Онлайн чтение книги Из блокнота в винных пятнах Portions from a Wine-Stained Notebook: Uncollected Stories and Essays, 1944-1990
Бессвязный очерк о поэтике и чертовой жизни, написанный за распитием шестерика (высоких)

В те дни, когда я считал себя гением и голодал, и никто меня не печатал, я, бывало, тратил гораздо больше времени в библиотеках, чем сейчас. Лучше всего было занять пустой стол там, где в окно падало солнце, чтобы оно грело мне загривок, и затылок, и руки, и тогда мне становилось не так плохо от того, что все книги в их красных, оранжевых, зеленых и синих обложках скучные, стоят себе, как в насмешку. Лучше всего было, чтобы солнце падало на загривок, и тогда можно грезить, и дремать, и стараться не думать о квартплате, еде, Америке и ответственности. Гений я или нет, меня заботило далеко не так, как тот факт, что мне просто не хотелось быть частью чего угодно. Меня изумляла животная прыть и энергичность собратьев-людей: может вот человек менять весь день покрышки, или водить фургон с мороженым, или баллотироваться в Конгресс, или кишки кому-то выпускать в операционной или при убийстве – все это уму было непостижимо. Я и начинать-то не хотел. И до сих пор не хочу. Когда б ни получалось надуть эту систему жизни, мне это казалось хорошим достижением. Я пил вино, и ночевал в парках, и голодал. Самоубийство было моим главным оружием. Мысль о нем давала мне хоть какой-то покой: мысль, что клетка не совсем вообще-то закрыта, на самом деле придавала мне еще немного сил посидеть в ней. Религия казалась надувательством, фокусом зеркал, и я чувствовал, что если и должна быть Вера, то вера эта должна начаться во мне самом без уже готовых легких вспомогательных средств, уже готовых богов… Во все остальное, похоже, включались женщины: они назначали себе цену и взимали плату, но от чувствительности моего глаза и какой-никакой души, что во мне была, казалось, что все они выдвигают требования выше их стоимости. А наблюдая за своим отцом, этим оскотинившимся чудовищем, который сделал меня выблядком на сей прискорбной земле, я осознал, что человек всю жизнь может вкалывать и все равно остаться нищим: жалованье отбиралось покупкой нужных ему вещей, мелочи всякой, вроде автомобилей и кроватей, радиоприемников и еды, и одежды, которые, как женщины, запрашивали цену, намного превышавшую их стоимость, и держали его в нищете, и даже гроб его был последним насилием пристойности: все это дорогое, лакированное красивое дерево для слепых червей преисподней.
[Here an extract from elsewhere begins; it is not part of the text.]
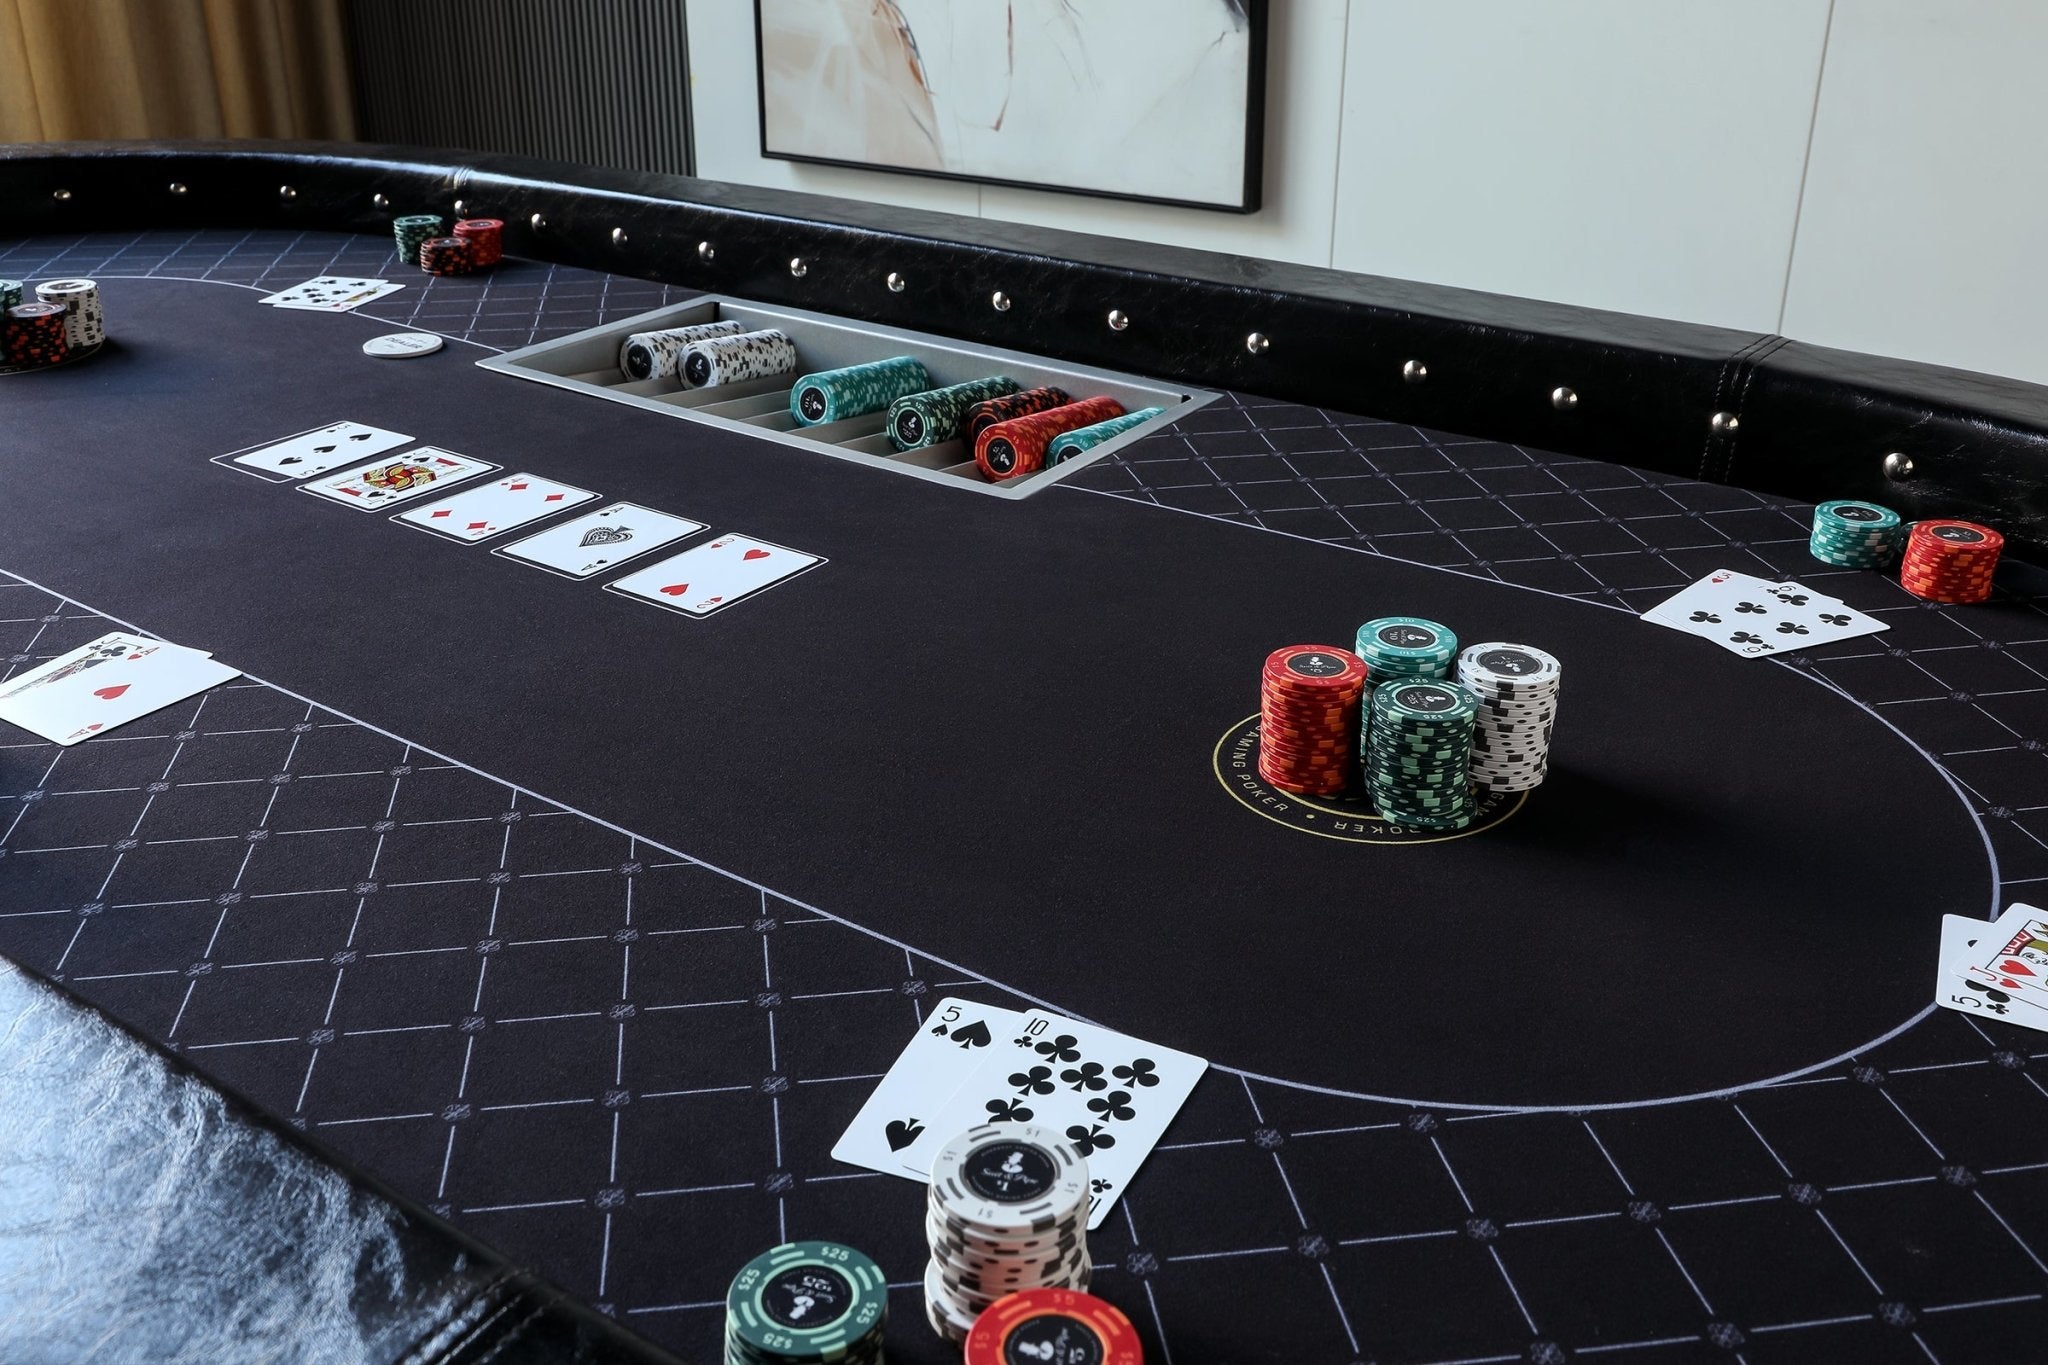 Poker Tables

Опять же, можно было стать богачом и это б ничего не значило. Смейтесь, если желаете. Я заберу все деньги, которые вы мне пришлете, а на самом деле буду знать, что у меня, по сути, нет ничего. Если богатеи – наша высшая раса, мне б лучше свалить отсюда побыстрей. Видал я, как черепа дохлых хряков вгрызаются в мертвые яблоки, и они были не так уродливы; а если сравнивать, и вовсе не уродливы. В той библиотеке за столом, голодая, на солнышке, я все это чувствовал: говенную войну, тупость, смерть, жужжанье мух…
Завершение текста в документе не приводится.